I love sampling algorithms. Here's the sampling algorithm that I find most magical. We want to generate a subset of {1, 2, ..., n} of size k.

def floyd(n, k):
    s = set()
    for i in range(n - k + 1, n + 1):
        t = random.randint(1, i)
        if t in s:
            s.add(i)
        else:
            s.add(t)
    return s

I learned about this algorithm the canonical way all good algorithm lore is imparted; one of my old coworkers wrote this comment in some code I was looking at once:

// Use Robert Floyd's algorithm to generate numSplits distinct integers
// between 0 and len(splitKeys), just because it's so cool!
chosen := make(map[int]struct{})
for j := len(splitKeys) - numSplits; j < len(splitKeys); j++ {
    t := fit.rng.Intn(j + 1)
    if _, alreadyChosen := chosen[t]; !alreadyChosen {
        // Insert T.
        chosen[t] = struct{}{}
    } else {
        // Insert J.
        chosen[j] = struct{}{}
    }
}

Unlike, say, Reservoir Sampling or something, this algorithm sort of resists an easy intuition to me. The branch makes it weird and makes a normal combinatorial, or visual argument tricky. In fact, I find even a casual intuition hard to grasp. Here are two possible ways to think about what makes it work.

First Perspective

Here's one way to think about it: each iteration of the algorithm goes from a uniformly distributed k-subset of [1..n] and an element of [1..n+1] to a uniformly distributed k+1-subset of [1..n+1]. If we can show that the map from those k-subsets and that sample is k+1-to-1, then we've shown that the resulting set is also uniformly distributed.

So, we need to show that each possible k+1-subset S of [1..n+1] has exactly k+1 inputs that map to it:

• sets containing n+1 come from the k-subset without n+1, and any of the elements of S, and
• sets not containing n+1 come from starting with one of its k-subsets and adding the missing element.

And that's it; the result is uniformly distributed.

This is not so bad, I think it basically makes sense to me. But I also learned of another way of thinking about this algorithm while trying to write this post.

Second Perspective

This one comes from Paul, and it notes a connection between this algorithm and the Fisher-Yates shuffle for permuting an array uniformly at random. Specifically, the "upward" variation that looks like this:

def shuffle(a):
    for i in range(0, len(a)):
        j = random.randint(0, i)
        a[i], a[j] = a[j], a[i]

This builds up a permutation incrementally. After each step, we have a permutation on [0..i], then we augment that and turn it into a permutation on [0..i+1].

Imagine plucking off the last k elements of an array we just shuffled, then that's a uniformly random sample of k elements.

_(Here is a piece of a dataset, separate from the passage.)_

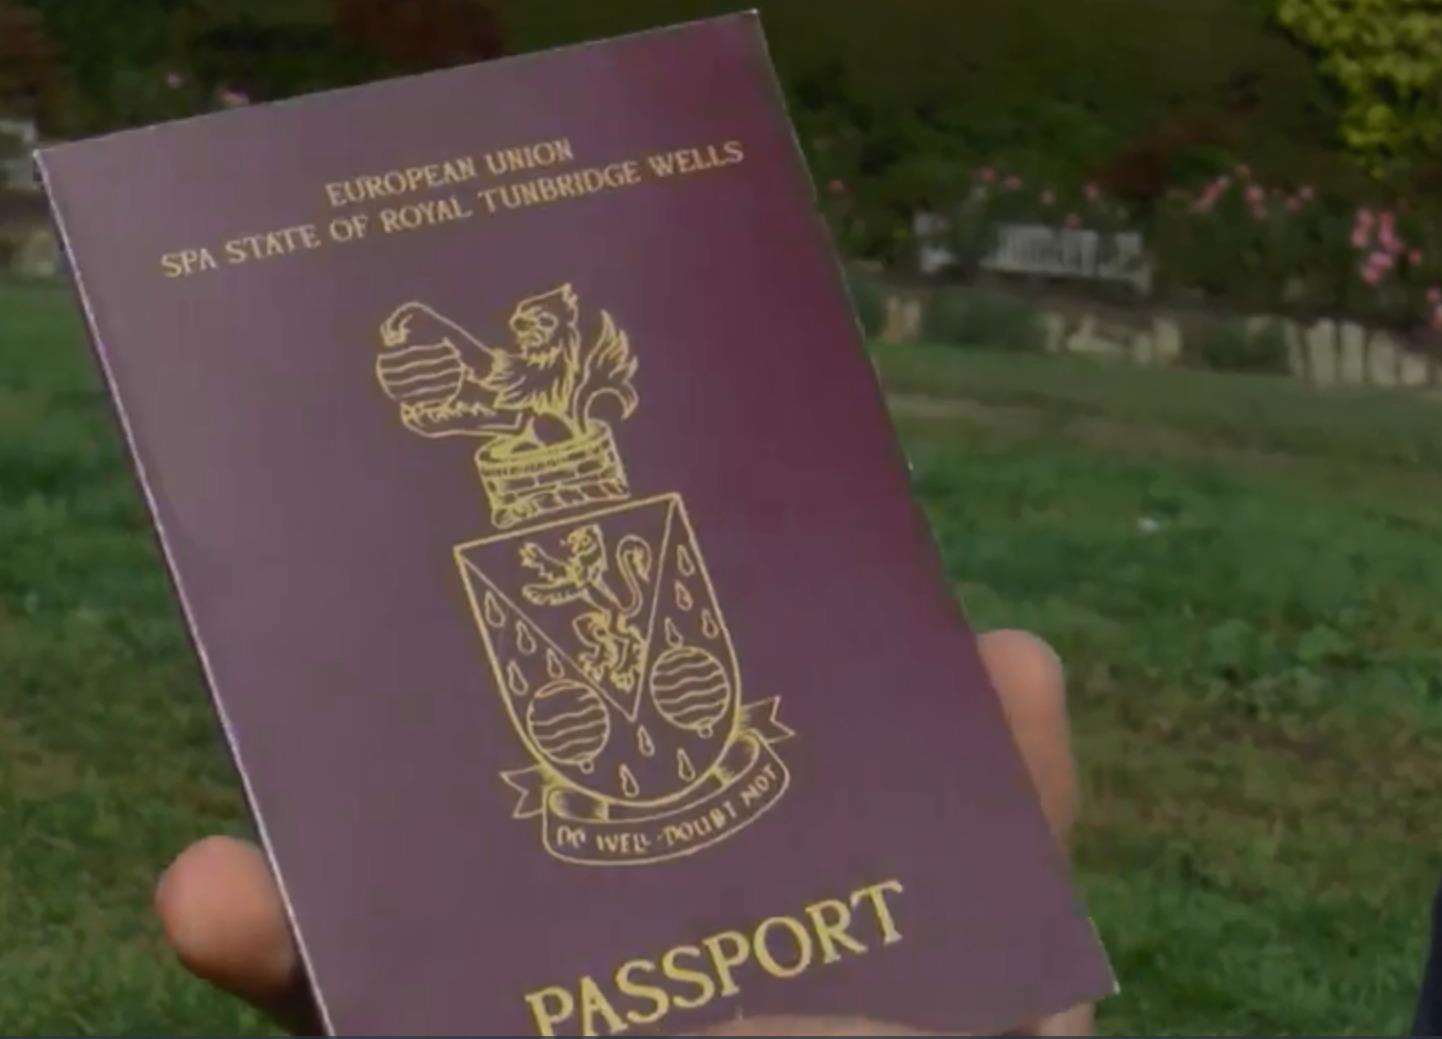 The Tunbridge Wells passport is available for £4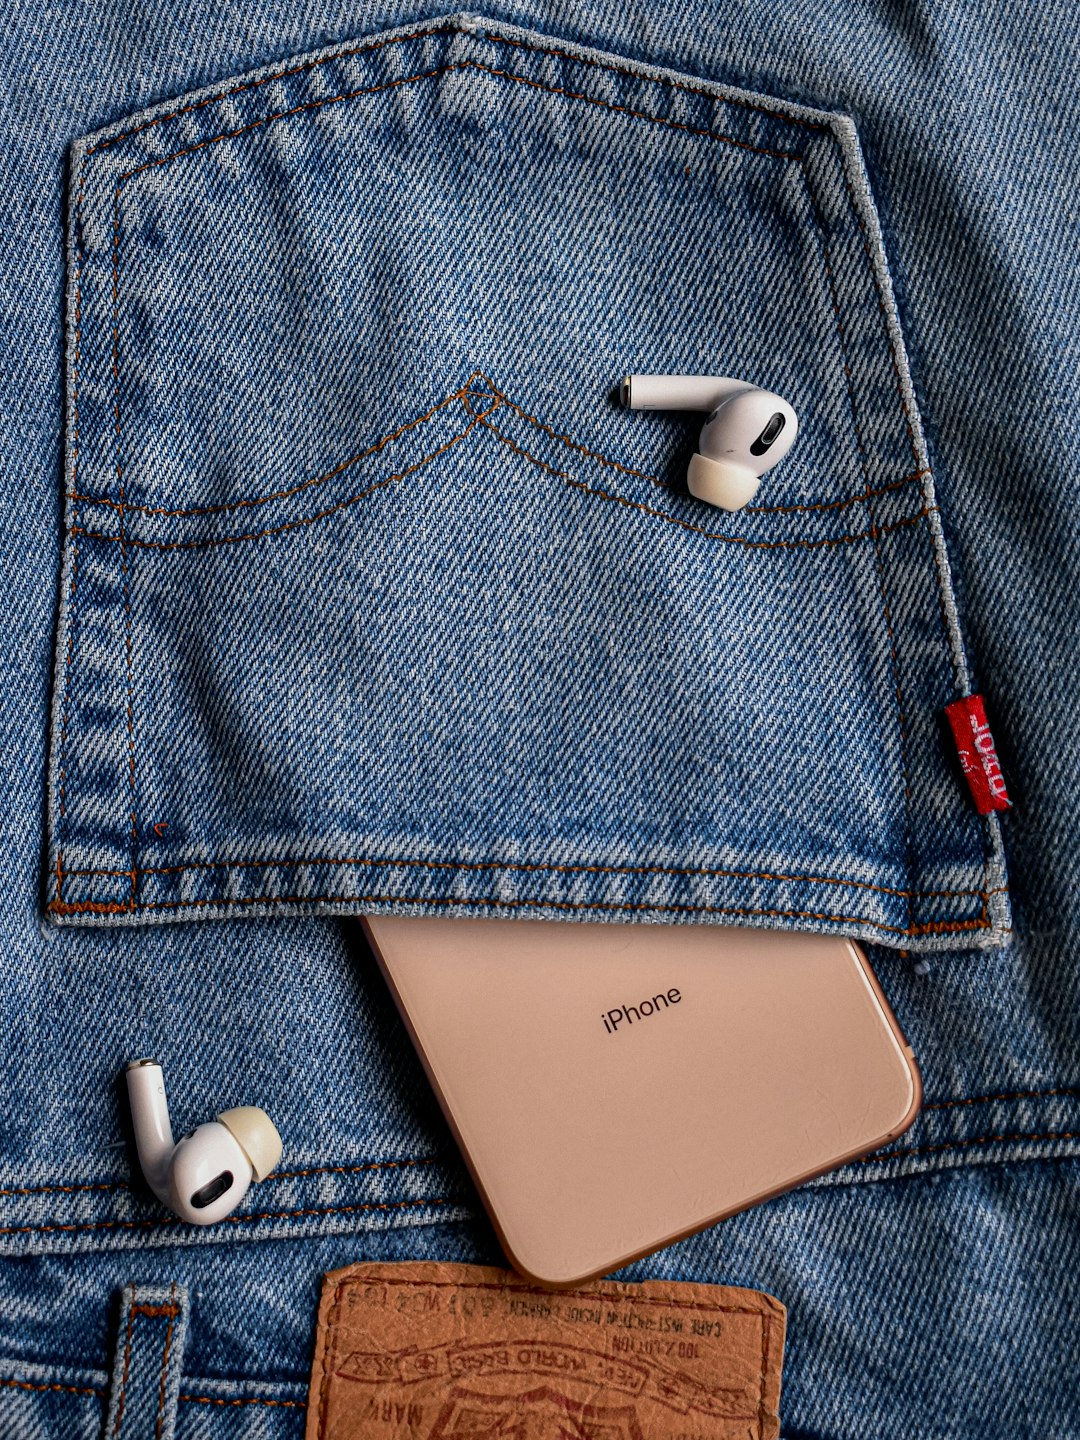 white earbuds on blue denim jeans

The observation here is that Floyd's algorithm is just doing the last k swaps here, directly.

If you call the last k elements of the array the "tail," then for each element i in the tail originally, either we:

• swap i with j that's in the tail, in which case i will stay in the tail forever and be part of the sample, or
• swap it with j not in the tail, then j will live in the tail forever and be part of the sample.

These two cases correspond directly to the two branches of Floyd's algorithm and we wind up with the same sample following them both (up to some reordering).